>>>>>

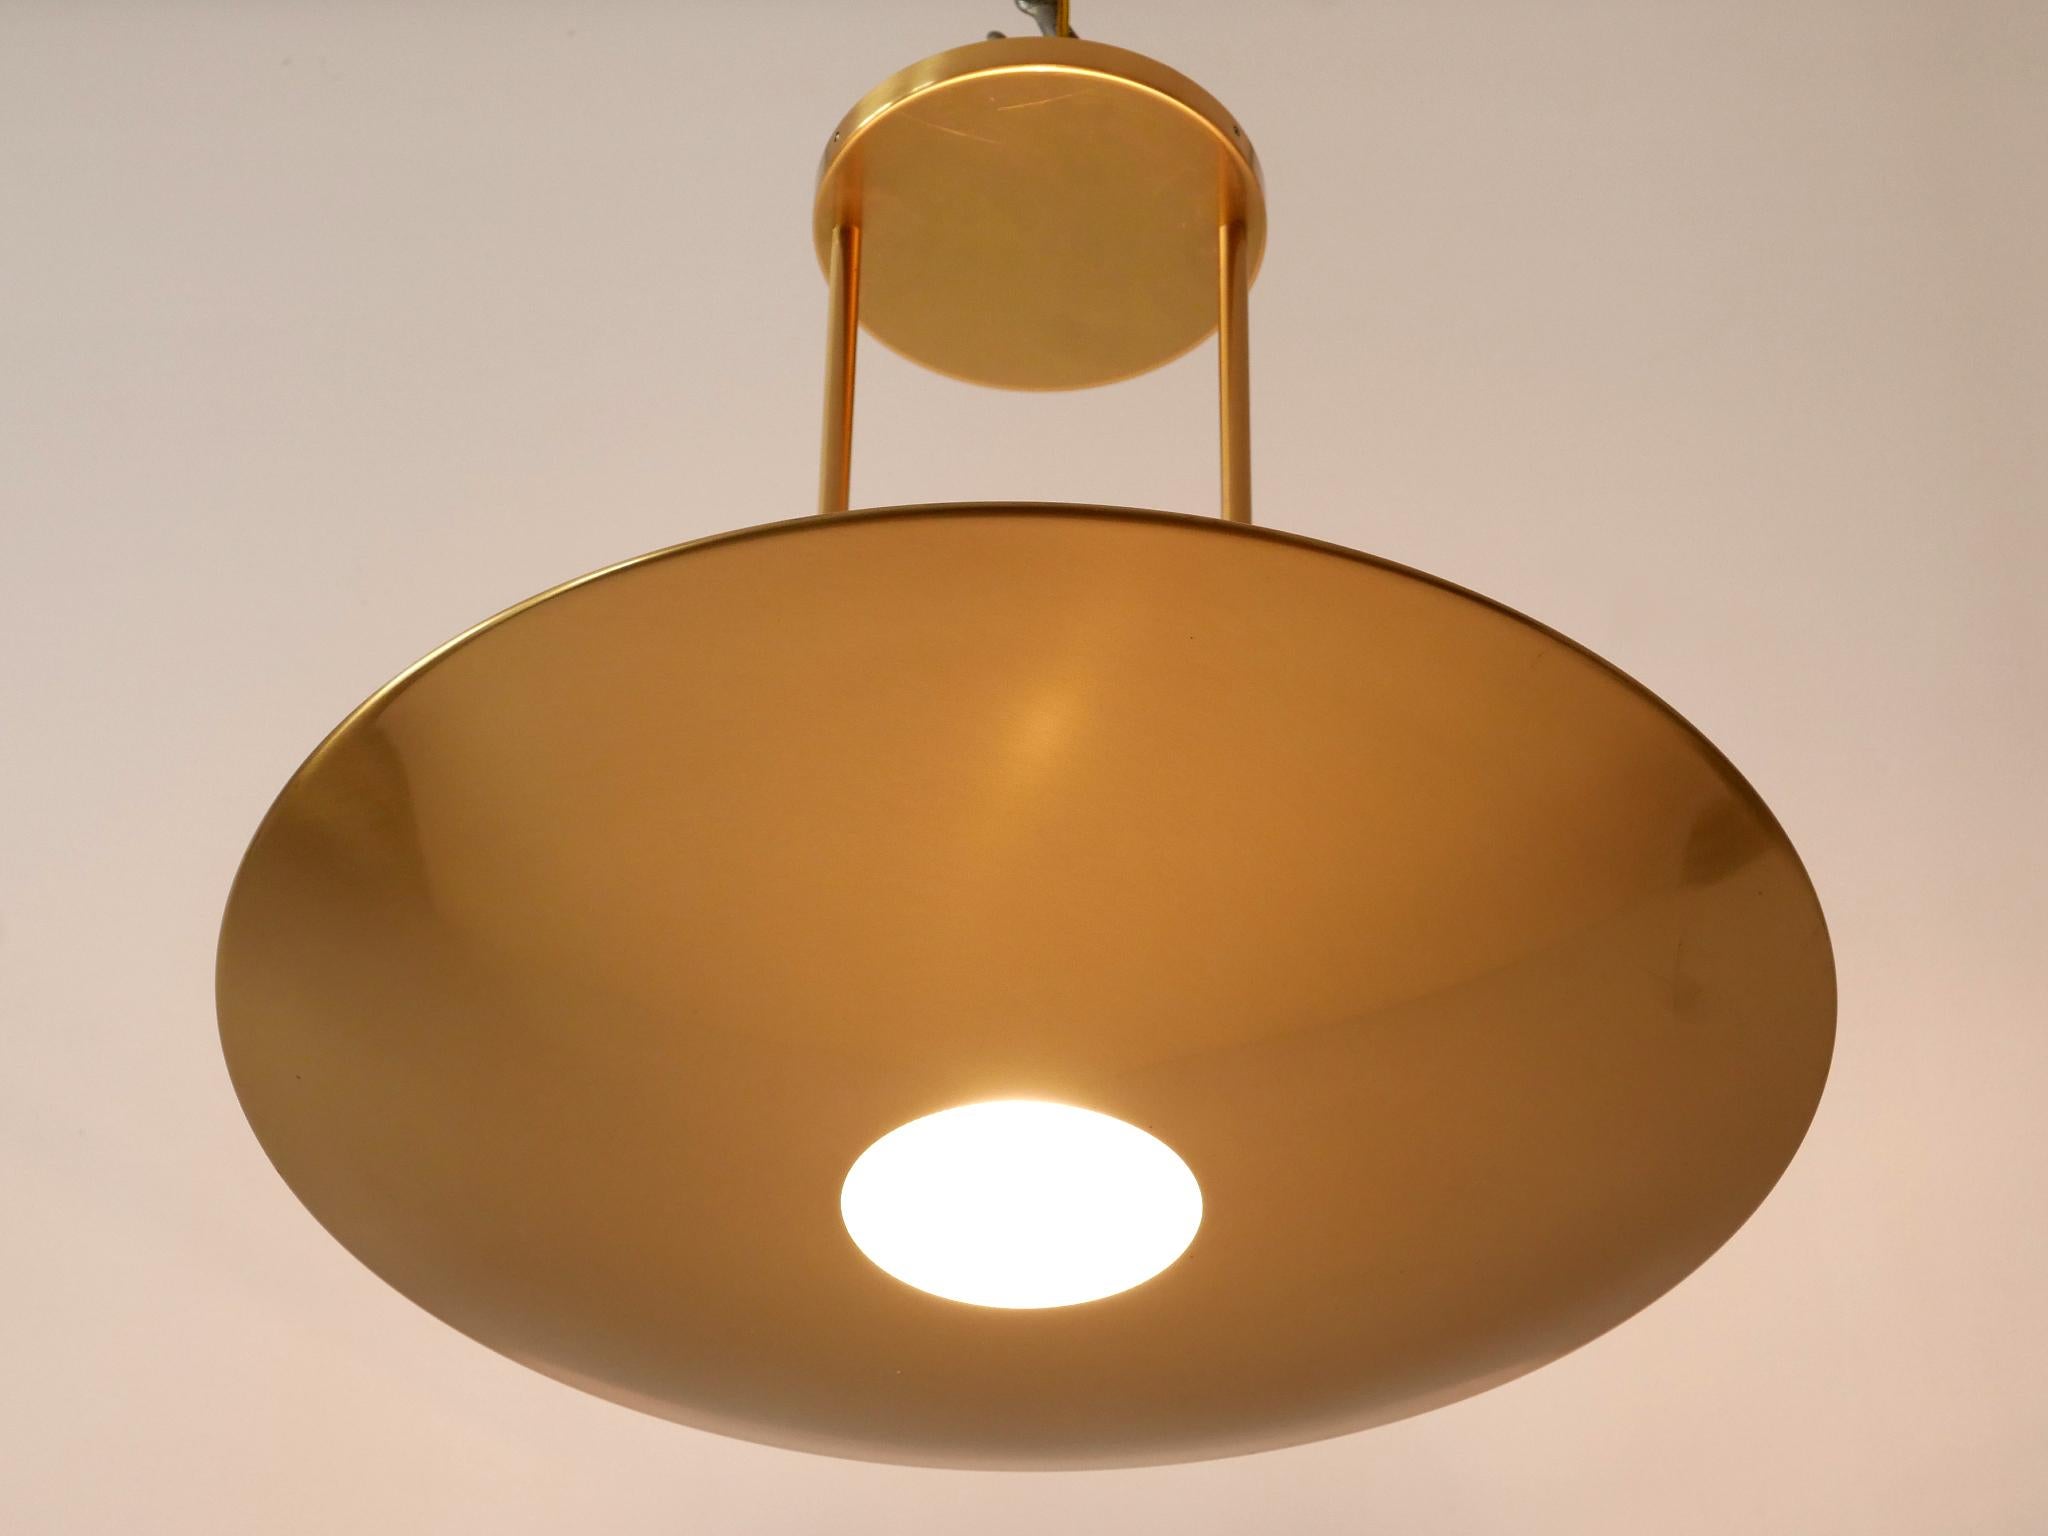 Elegant and minimalist brass pendant lamp / ceiling fixture. Designed & manufactured by Florian Schulz, Germany, 1980s.

Executed in polished brass and glass, the pendant lamp needs a halogen bulb R7, is wired and in working condition. It runs both
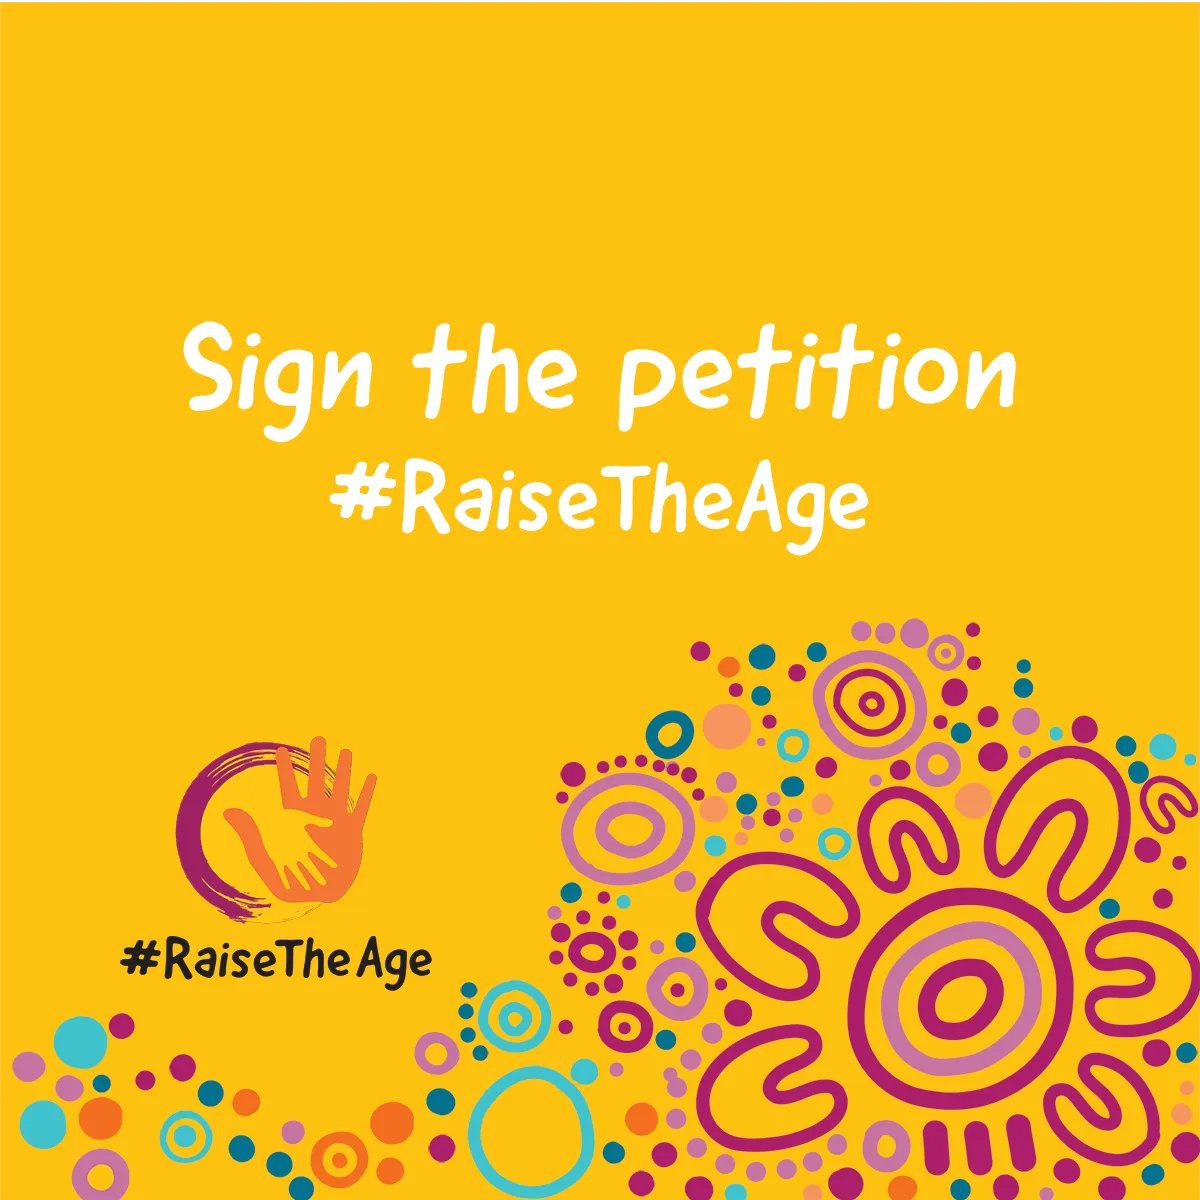 World Vision is a proud member of the Raise the Age Alliance
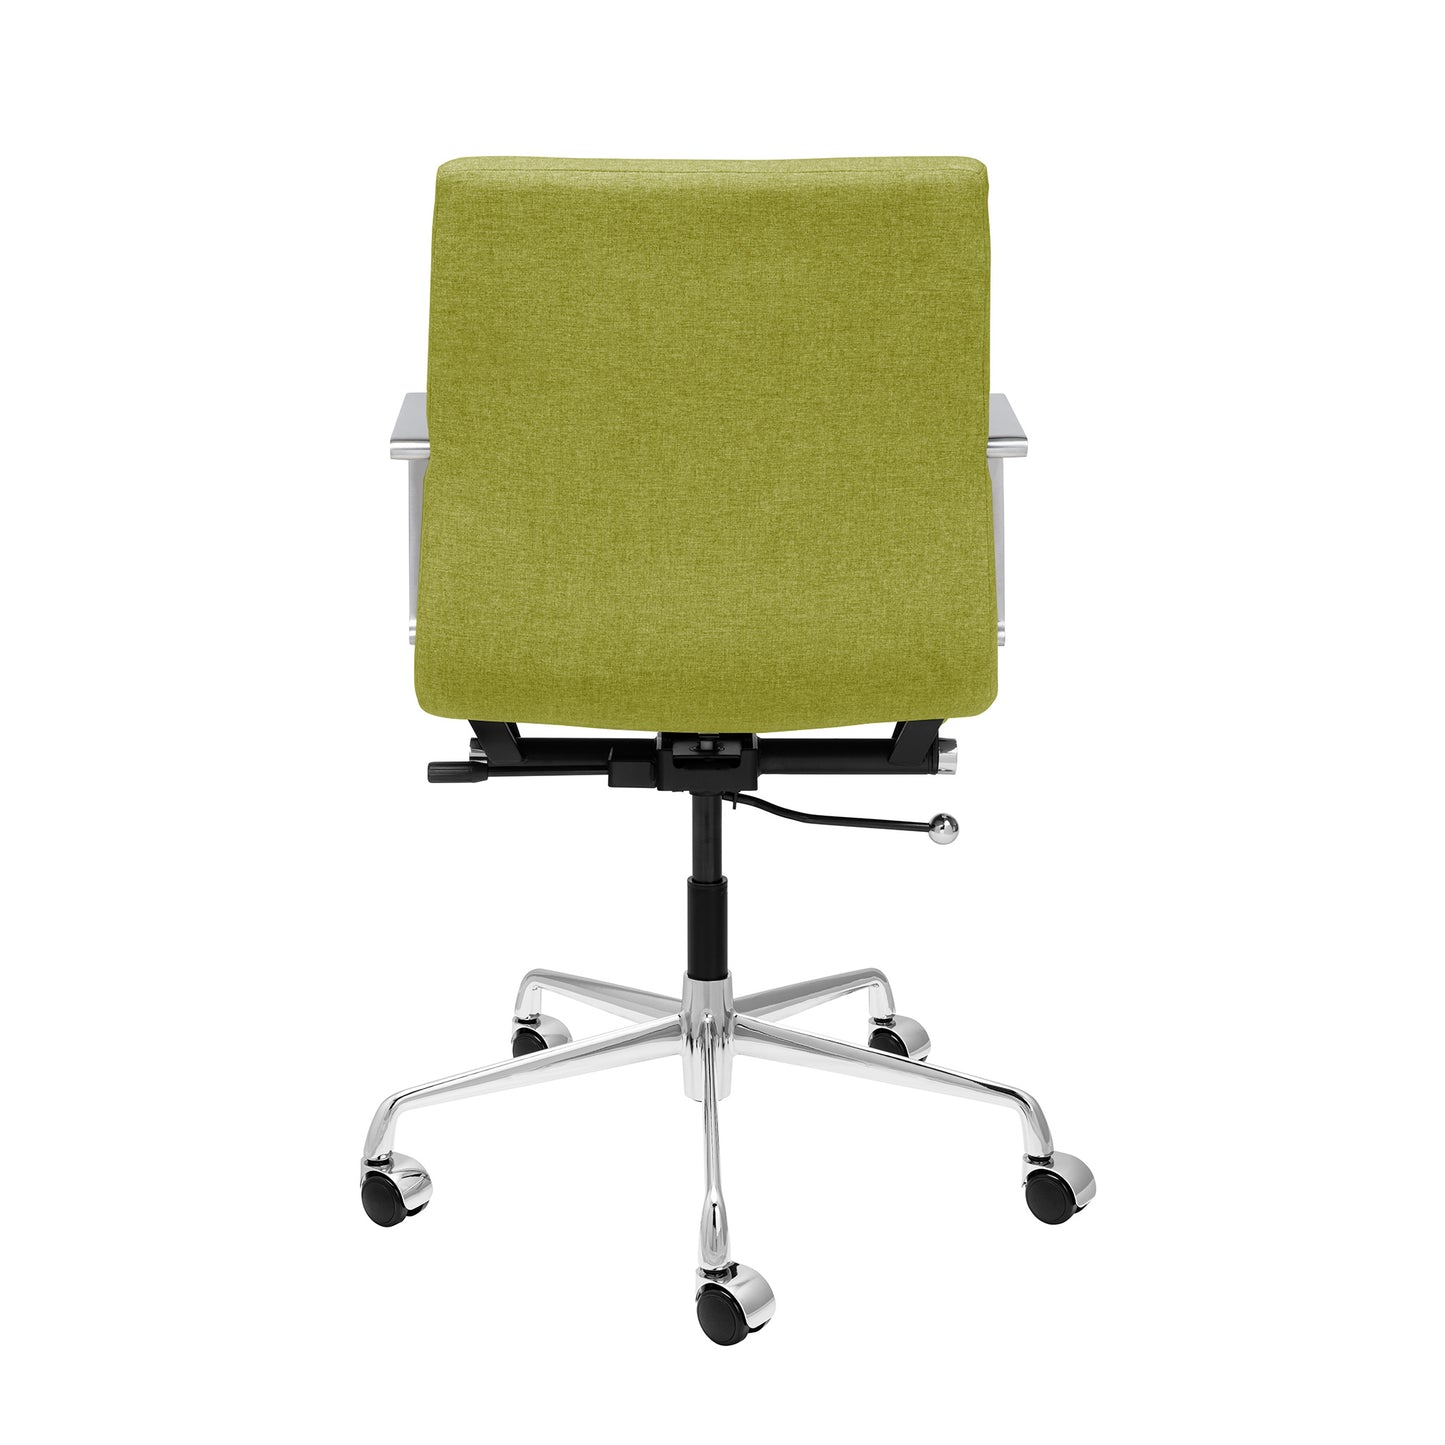 SOHO II Ribbed Management Chair (Green Fabric)

<<<<<

Copy out every line of the material above exactly, skipping the pictures.

- **Answer space**
 Elegant and minimalist brass pendant lamp / ceiling fixture. Designed & manufactured by Florian Schulz, Germany, 1980s.

Executed in polished brass and glass, the pendant lamp needs a halogen bulb R7, is wired and in working condition. It runs both
 World Vision is a proud member of the Raise the Age Alliance
 SOHO II Ribbed Management Chair (Green Fabric)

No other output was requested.